Keep dogs away when working with cows and calves. The presence of a dog, even if it stays in the pickup and doesn’t bark, can upset a cow enough to make her aggressive even before you approach the calf.
If a calf is dull and listless, you can often sneak up and grab it before it knows you are there, unless other calves nearby don’t startle at your approach and alert the sick one to your presence.
If the calf is alert and lively, we do a two-person sneak with one person at a distance to attract its attention and the other doing the grab. This usually works on a calf that hasn’t been caught before. If it has been caught and doctored before, it will be suspicious and that makes it harder to catch.
Most of our calves can be caught the first time because they are accustomed to us walking through the herd. One of us walks in front of it at a non-threatening distance. That person also distracts the calf to keep its attention and arouse its curiosity.
This might mean walking funny or waving arms a little while the other person quietly sneaks up behind the entranced animal and grabs a hind leg just above the fetlock.
The front person then grabs the head. One of us gets a good hold and the other treats the calf.
I usually straddle the calf’s neck with my legs to hold its head as I give the medication. You can often be finished before mama even knows about it, if the cows are busy eating. But if the calf bellows and all the mamas come running, be prepared to fend them off.

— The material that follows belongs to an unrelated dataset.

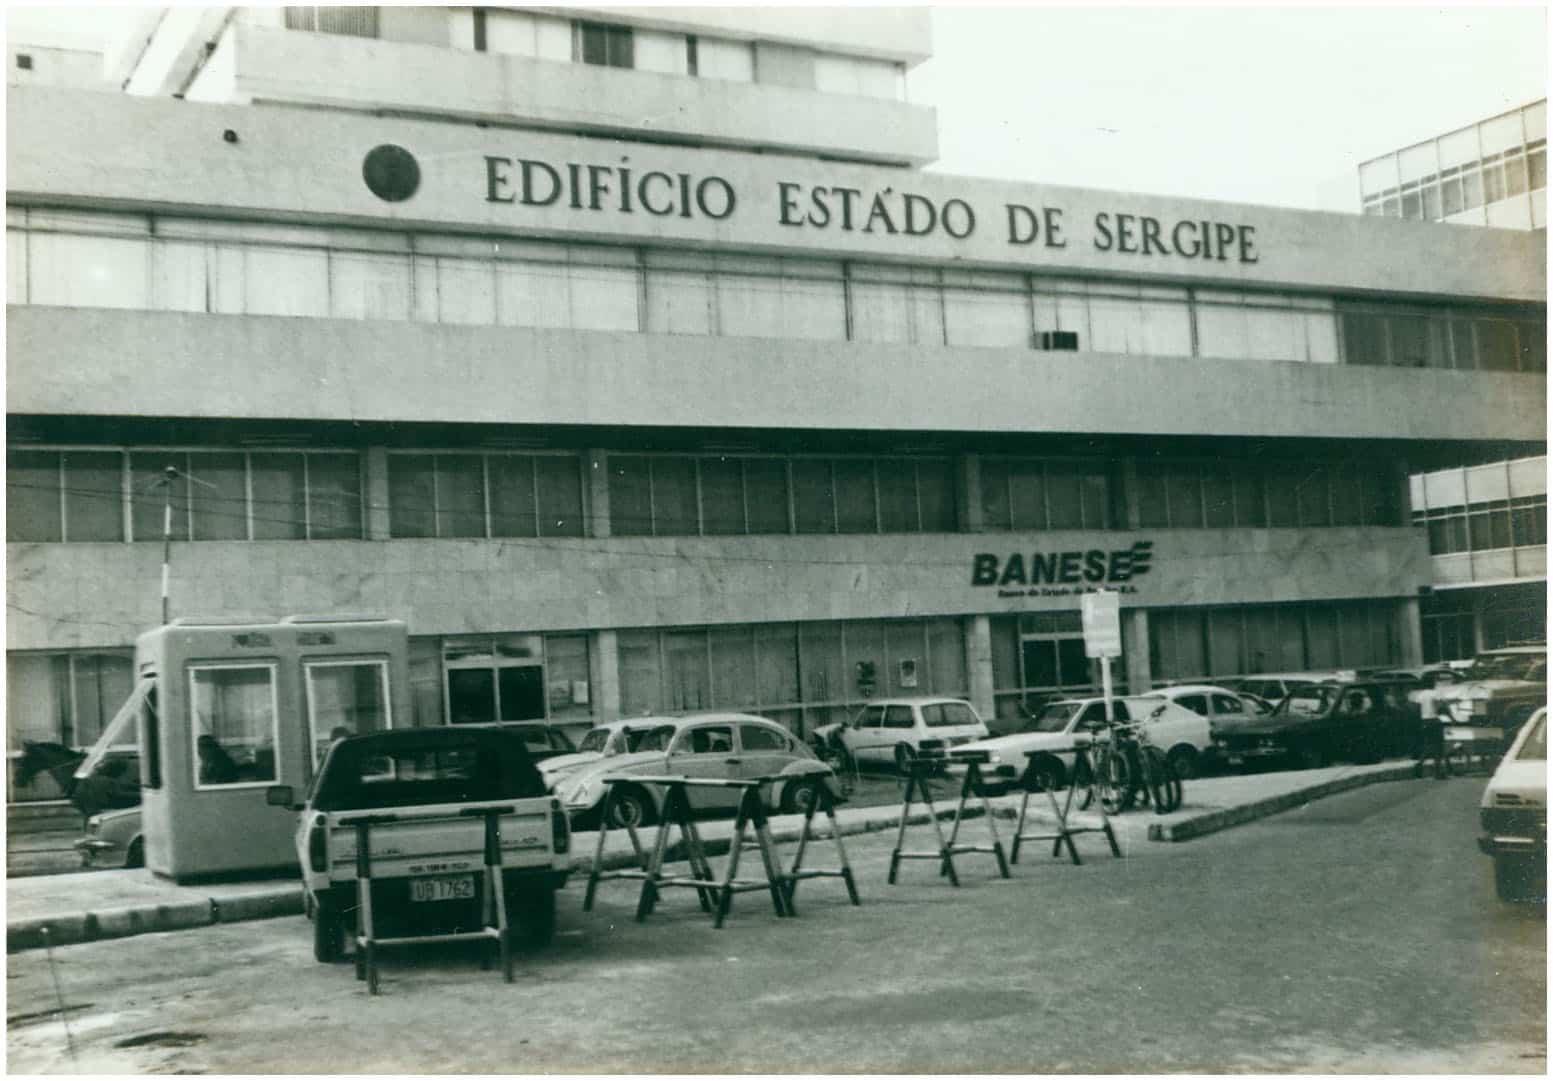 Banco do Estado de Sergipe (Banese) - BGIP3, BGIP4

If a calf is too big to catch, or suspicious because it’s been caught before and needs further care, we put cow and calf in a small pen where we can corner the calf.

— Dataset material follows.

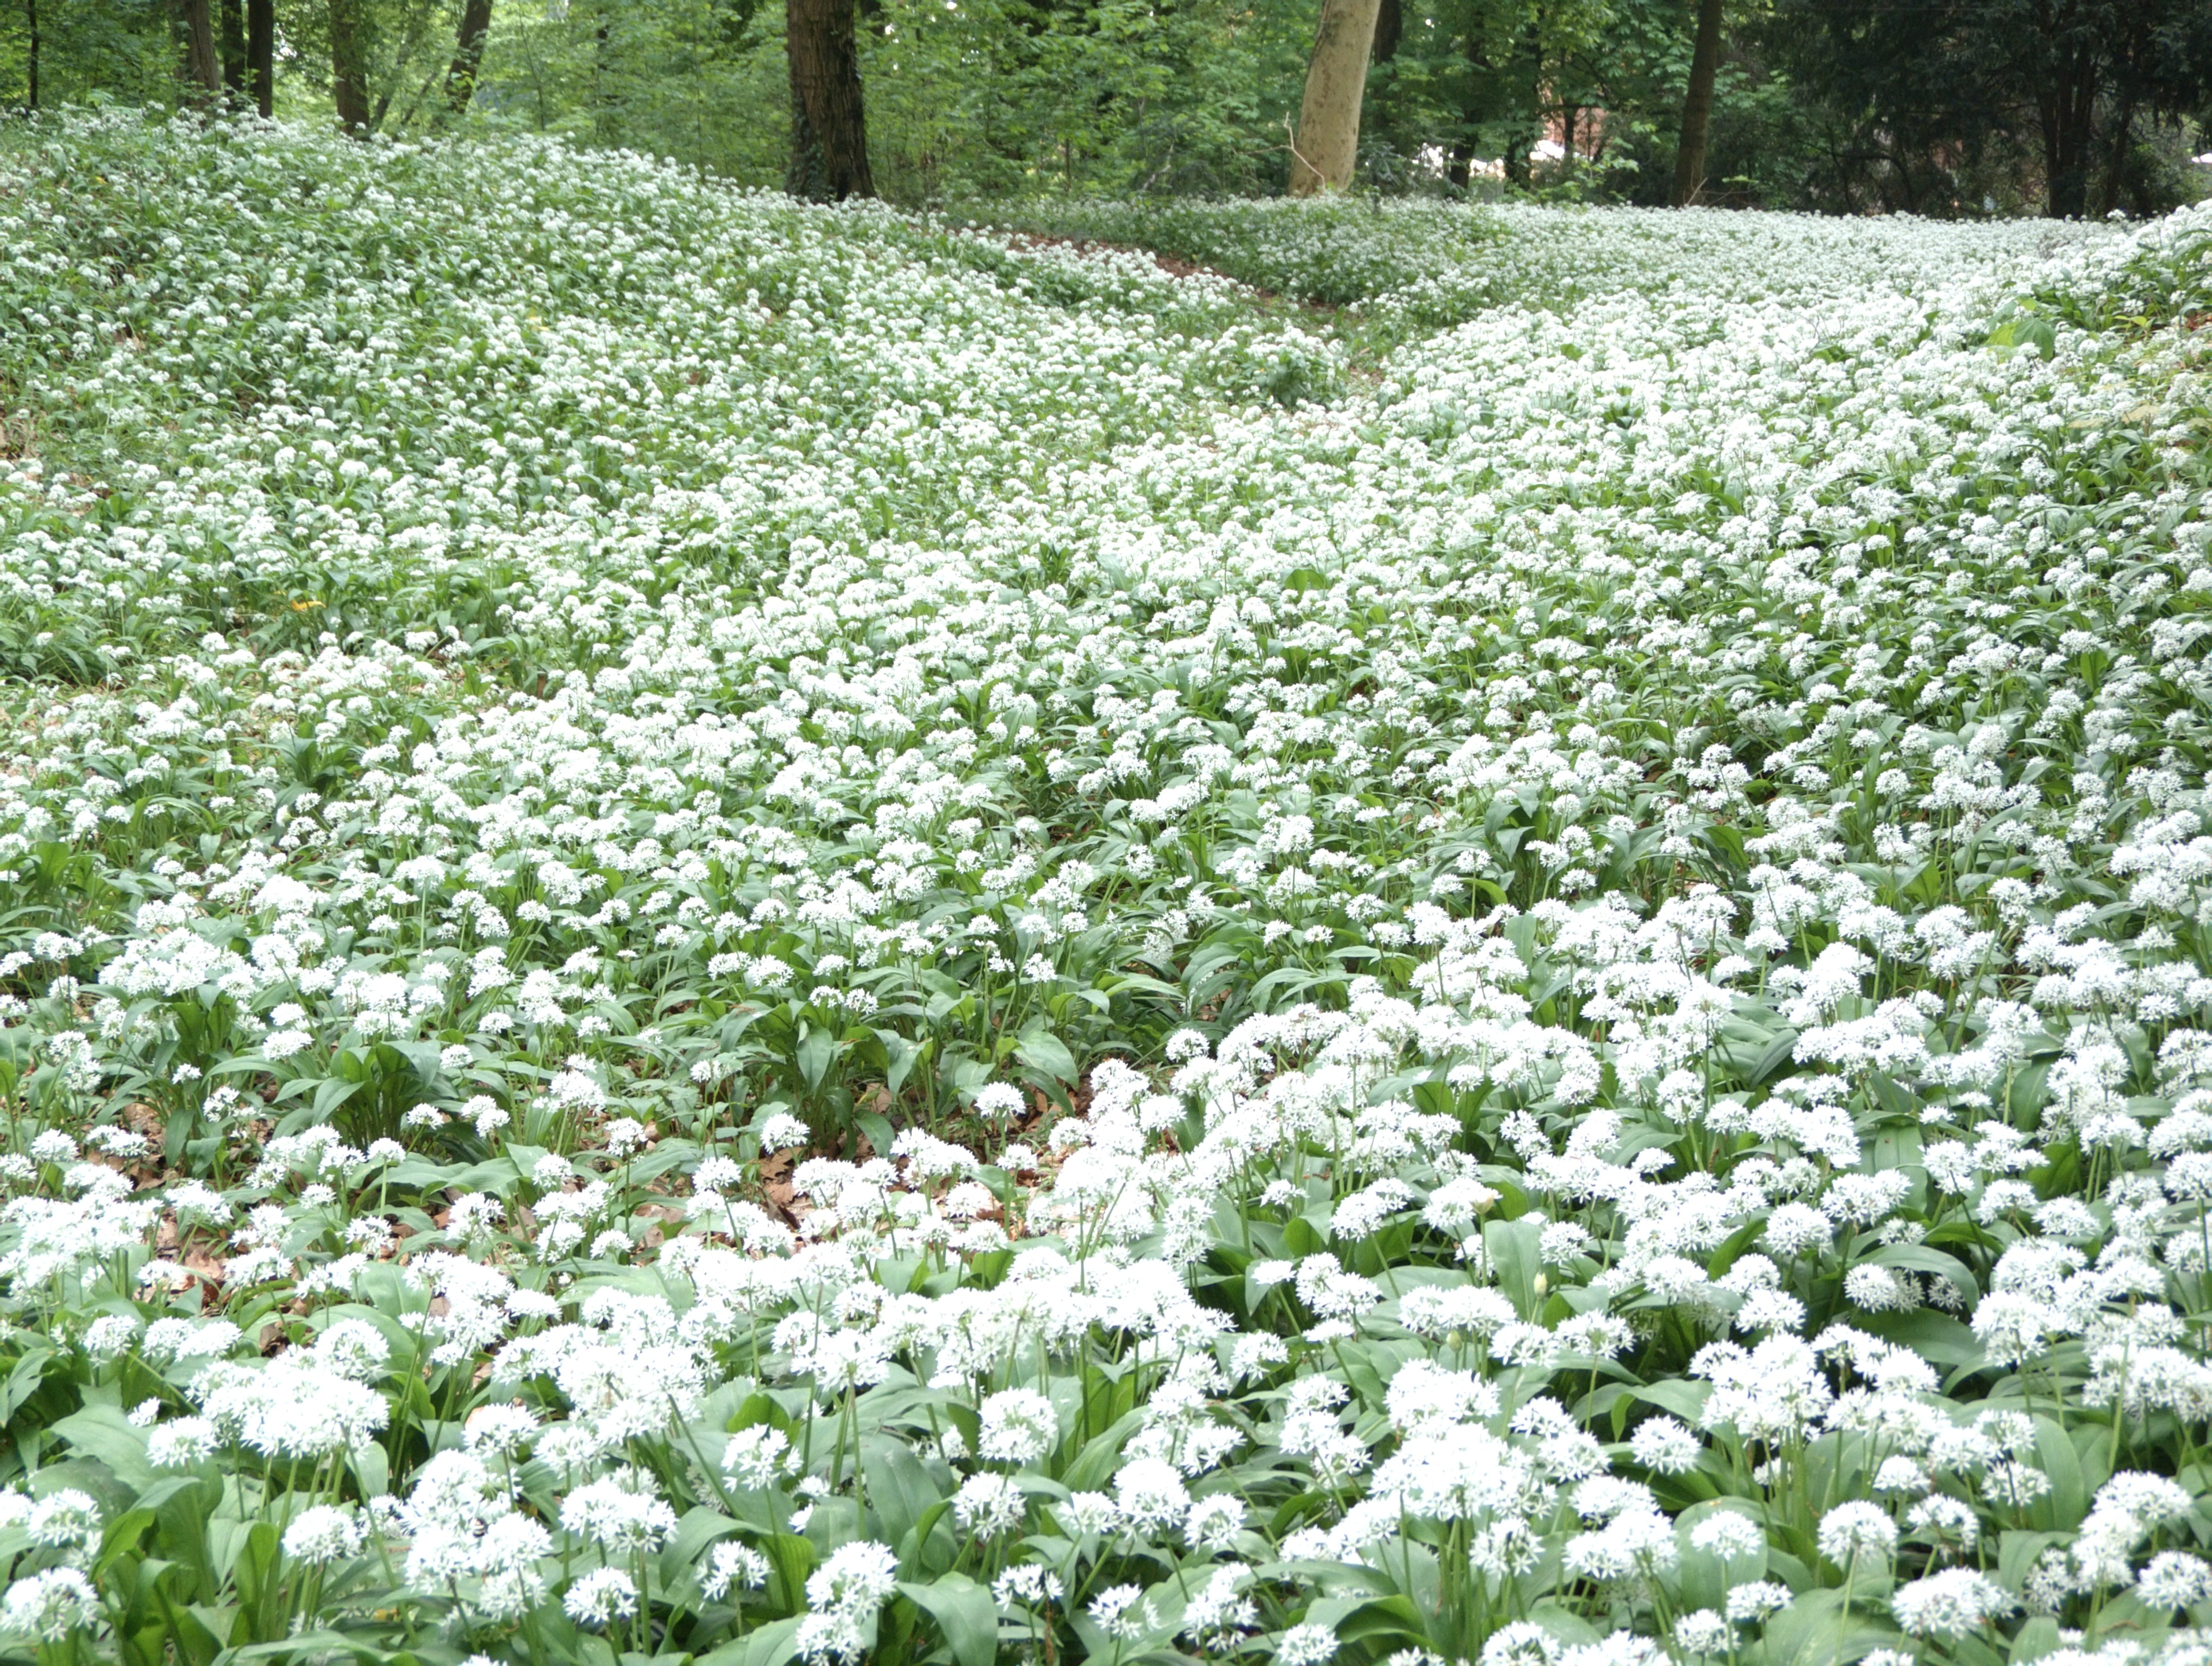 Monza (Monza e Brianza, Italy): Wild garlic flowers in the Park of Monza - Monza (Monza e Brianza, Italy)

If a calf is far from a corral and needs only one treatment, a shepherd’s crook can be useful. We put a longer handle on it to snag a calf’s hind leg without getting so close.

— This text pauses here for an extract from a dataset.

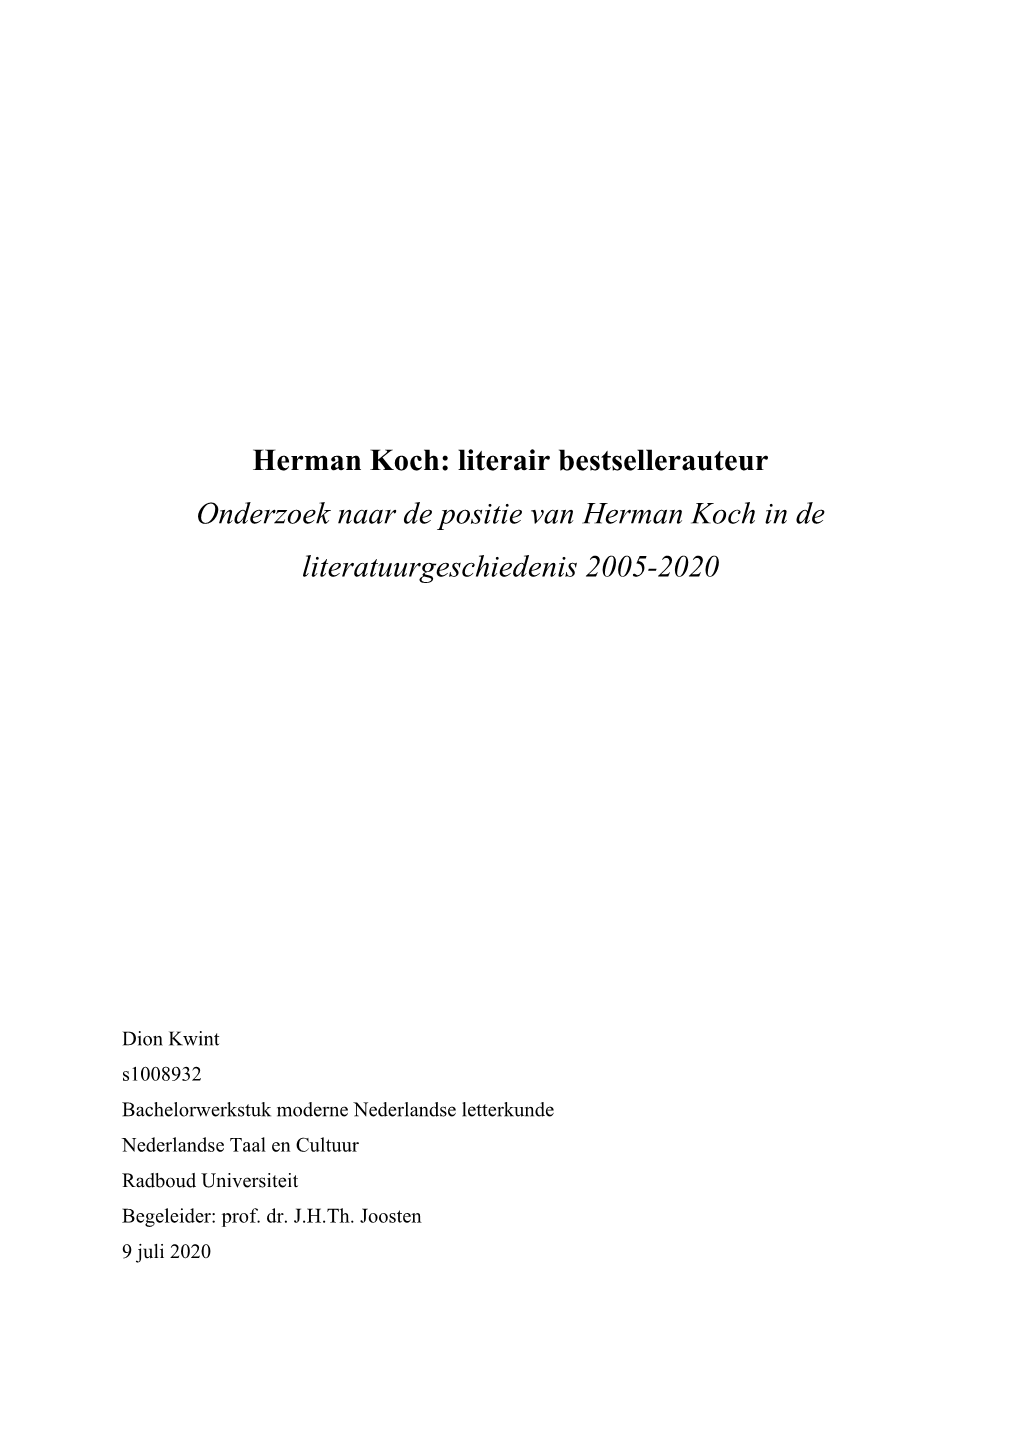 Herman Koch: Literair Bestsellerauteur Onderzoek Naar De Positie Van Herman Koch in De Literatuurgeschiedenis 2005-2020

The two-person decoy distraction allows the calf-snagger to get into position and catch a hind leg with the hook. A small calf that’s too wild or suspicious to grab by hand can usually be caught with the hook.
It takes strength to hang onto a big calf with the hook and some may kick out of it. There are catching hooks made for calves that have a mechanism that locks onto the leg, making it impossible to kick free.
Another way to catch an elusive calf is to ease it behind a solid gate and catch it in the narrow V made by the gate and the fence. If there is no sturdy gate available, we may herd the calf between a fence and the feed truck, after parking the truck against the fence at an angle.
This works best if stringing hay close to the fence so other cows and calves are nearby. A calf won’t get as suspicious if it is close to other cattle that are clustered near the feed.
Heather Smith Thomas is a writer who ranches with her family near Salmon, Idaho.